== Segment start ==
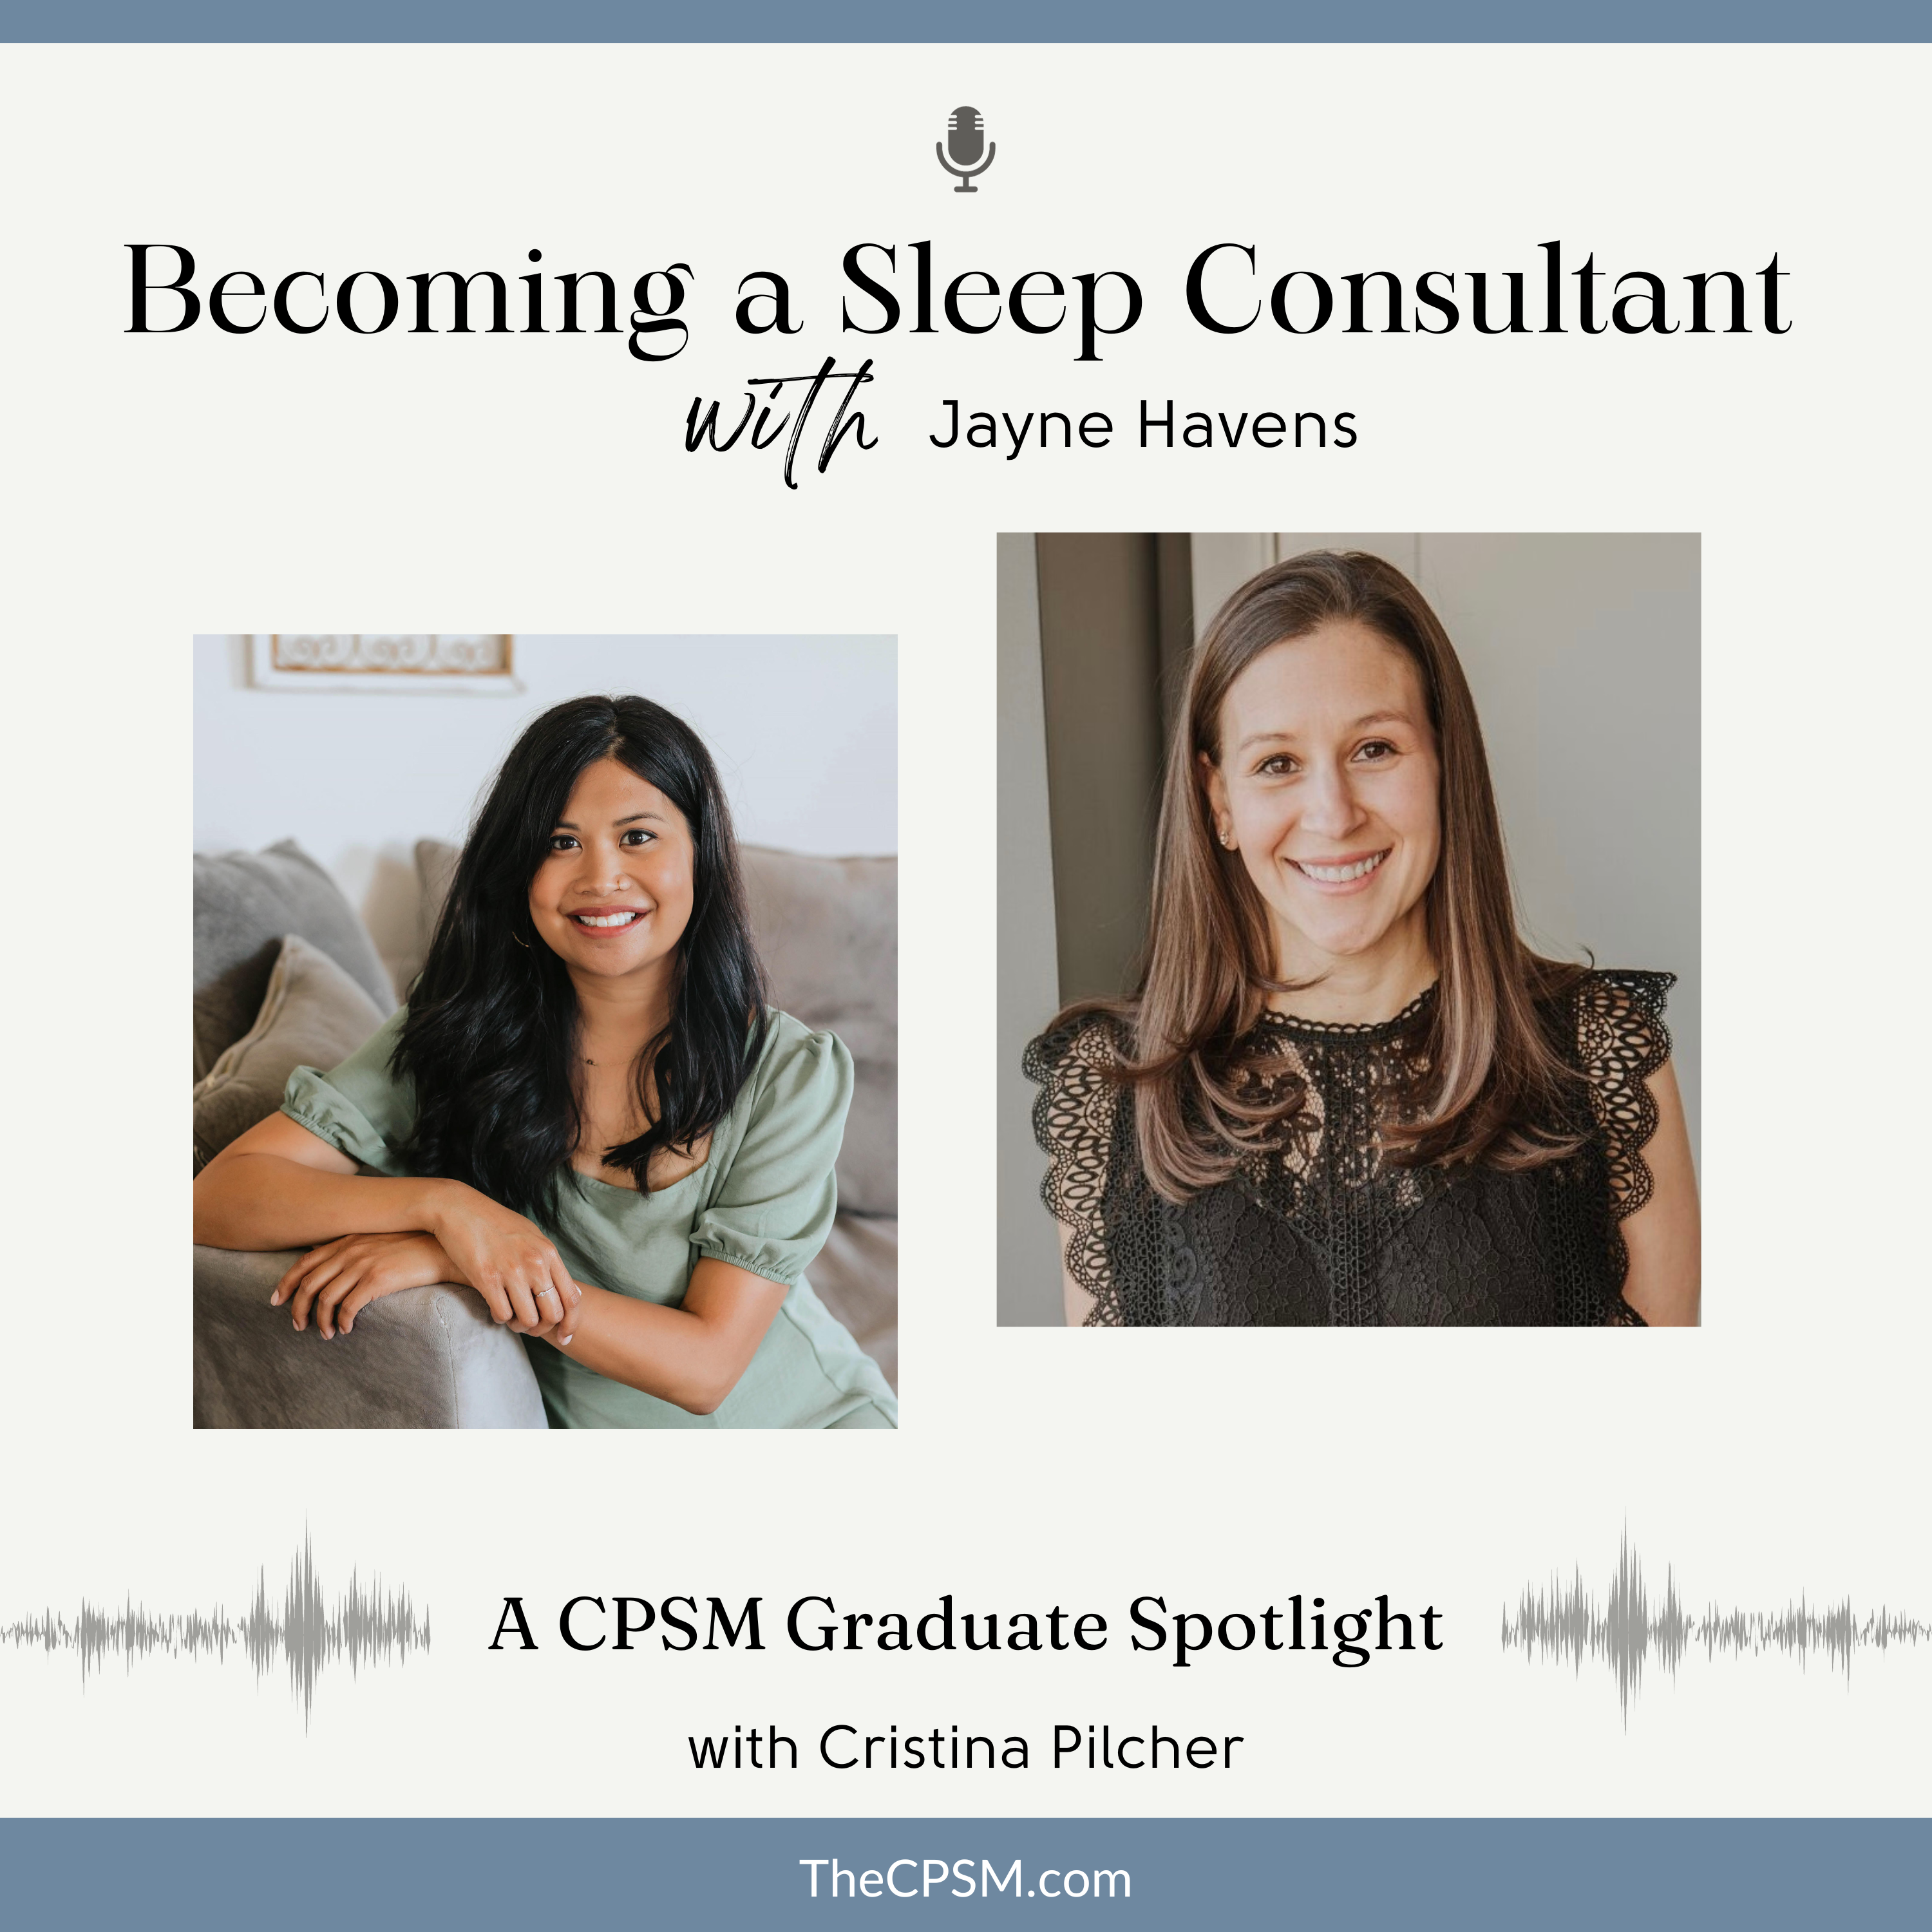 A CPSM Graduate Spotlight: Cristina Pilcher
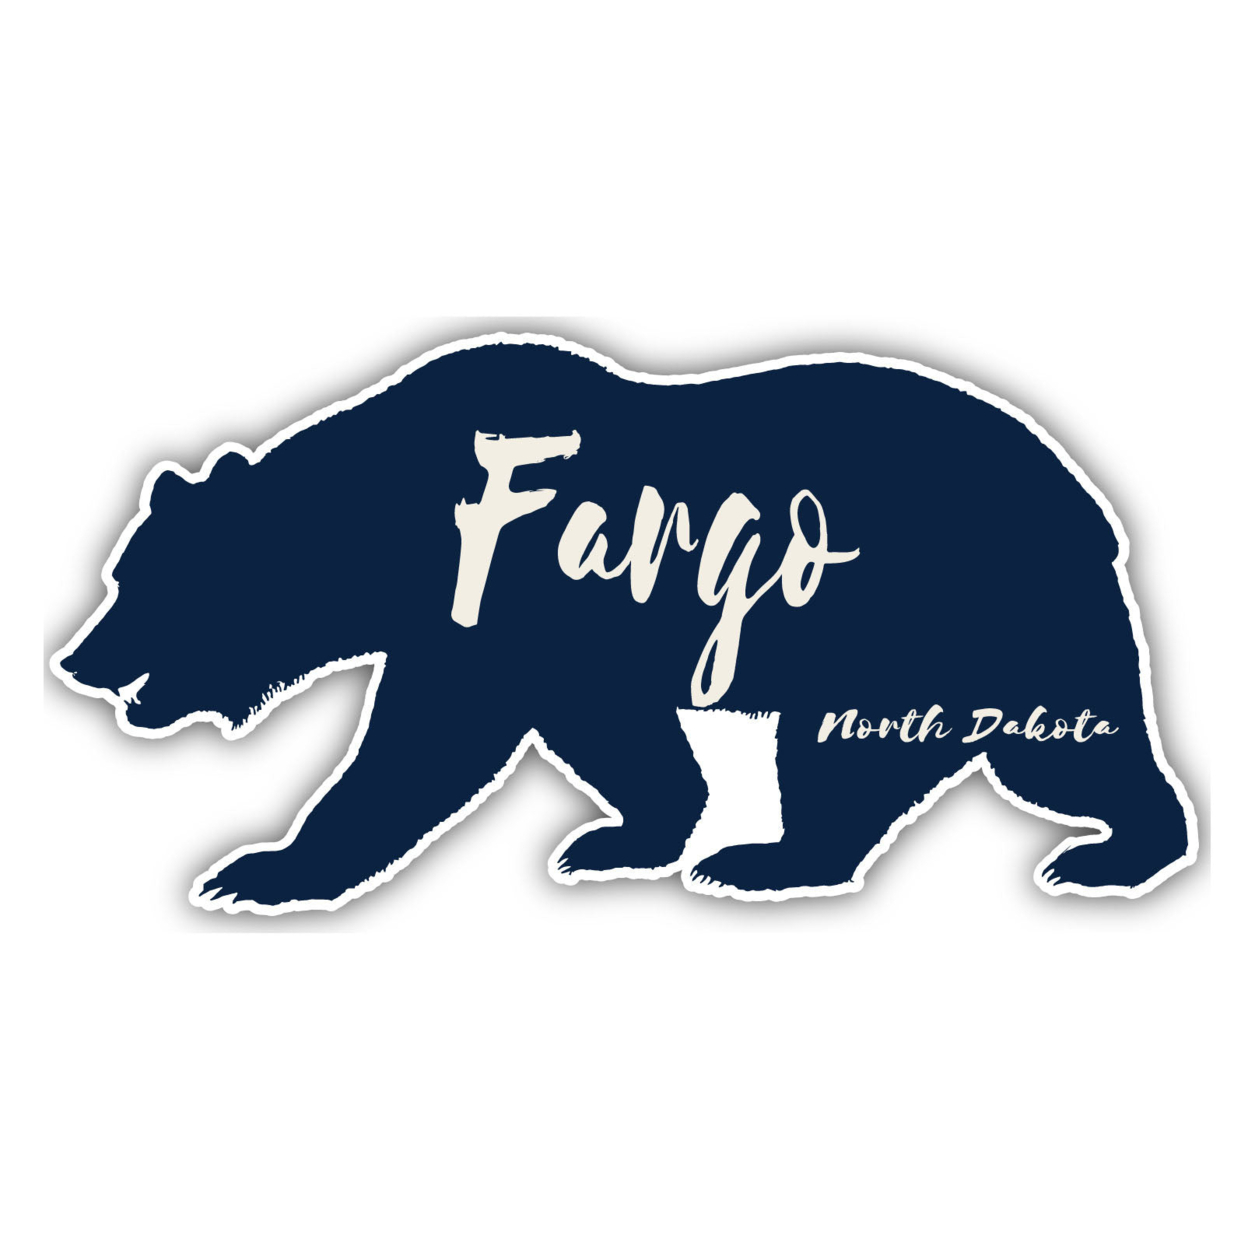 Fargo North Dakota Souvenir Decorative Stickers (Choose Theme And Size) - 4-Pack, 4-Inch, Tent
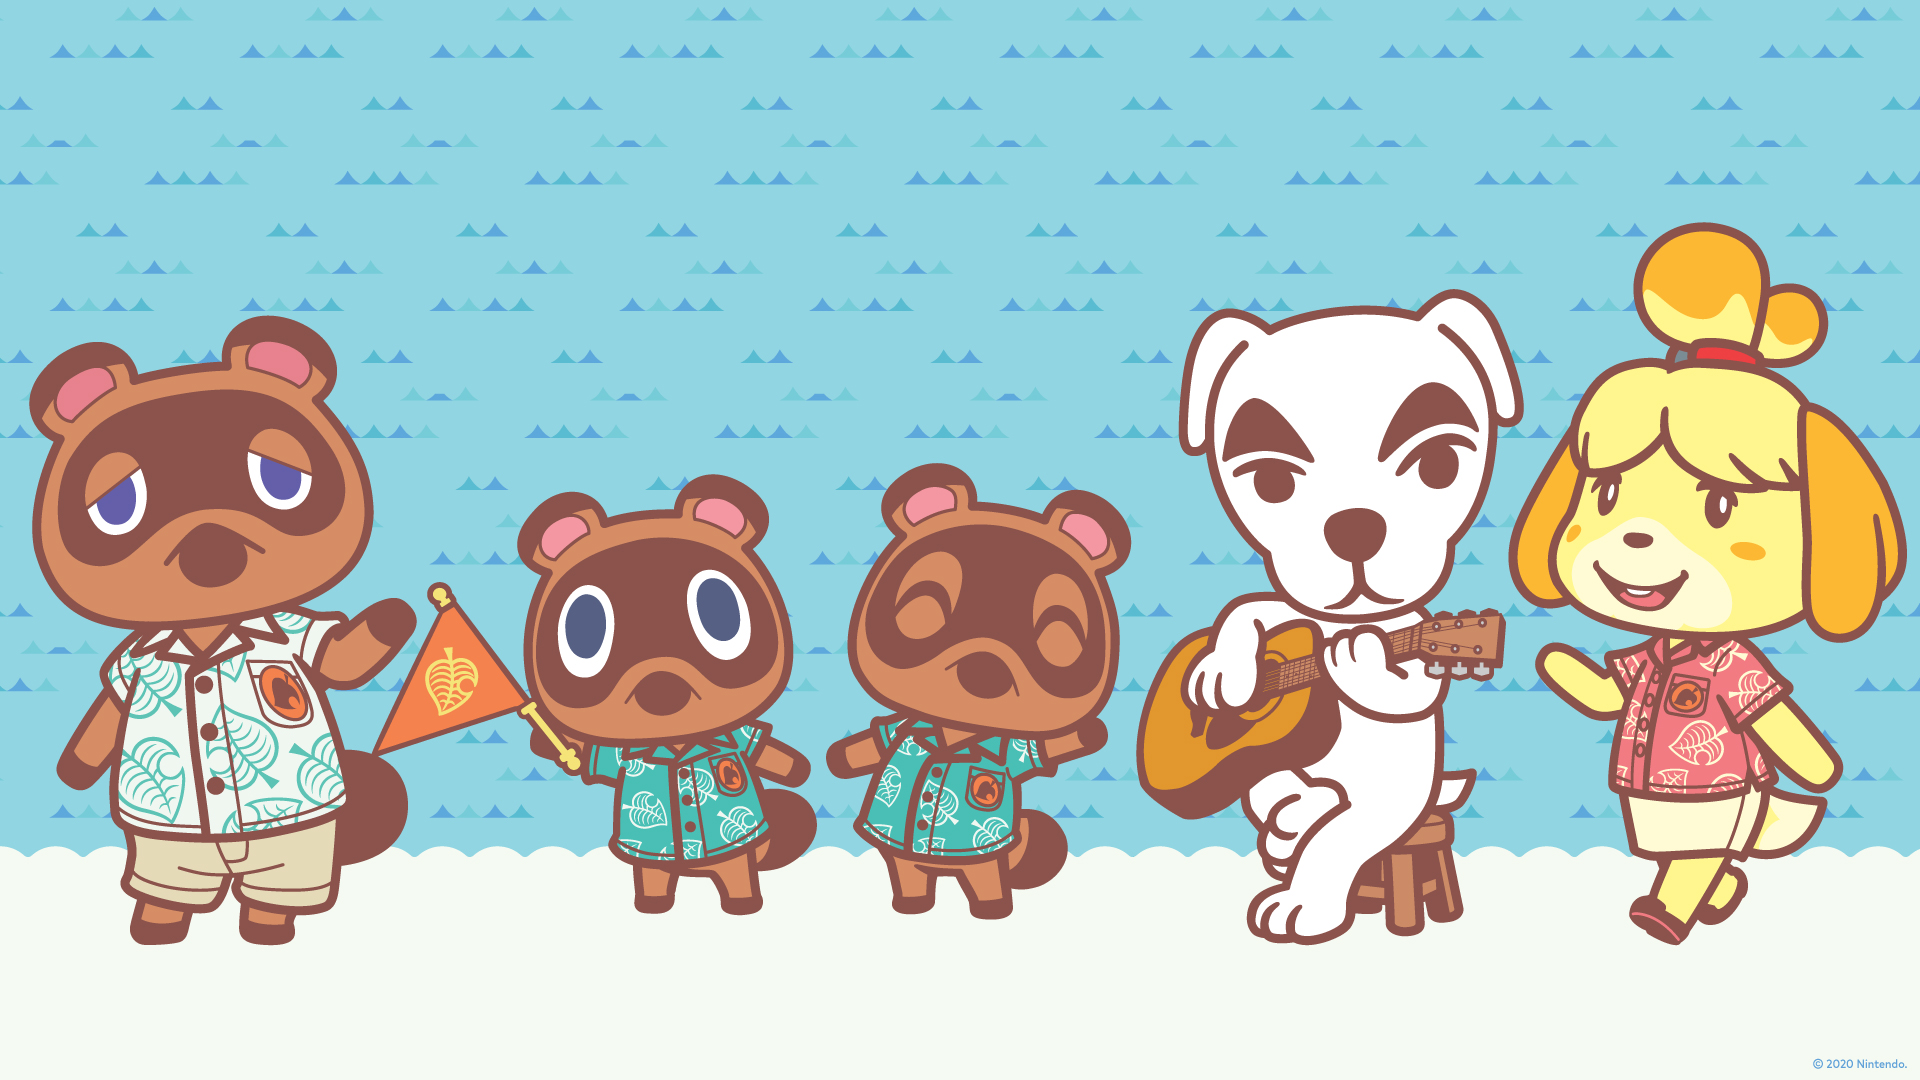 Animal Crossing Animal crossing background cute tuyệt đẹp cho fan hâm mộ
== Segment end ==
- **Work required**
Everything in the data except the pictures must be retyped exactly.

- **Response area**
 A CPSM Graduate Spotlight: Cristina Pilcher
 Fargo North Dakota Souvenir Decorative Stickers (Choose Theme And Size) - 4-Pack, 4-Inch, Tent
 Animal Crossing Animal crossing background cute tuyệt đẹp cho fan hâm mộ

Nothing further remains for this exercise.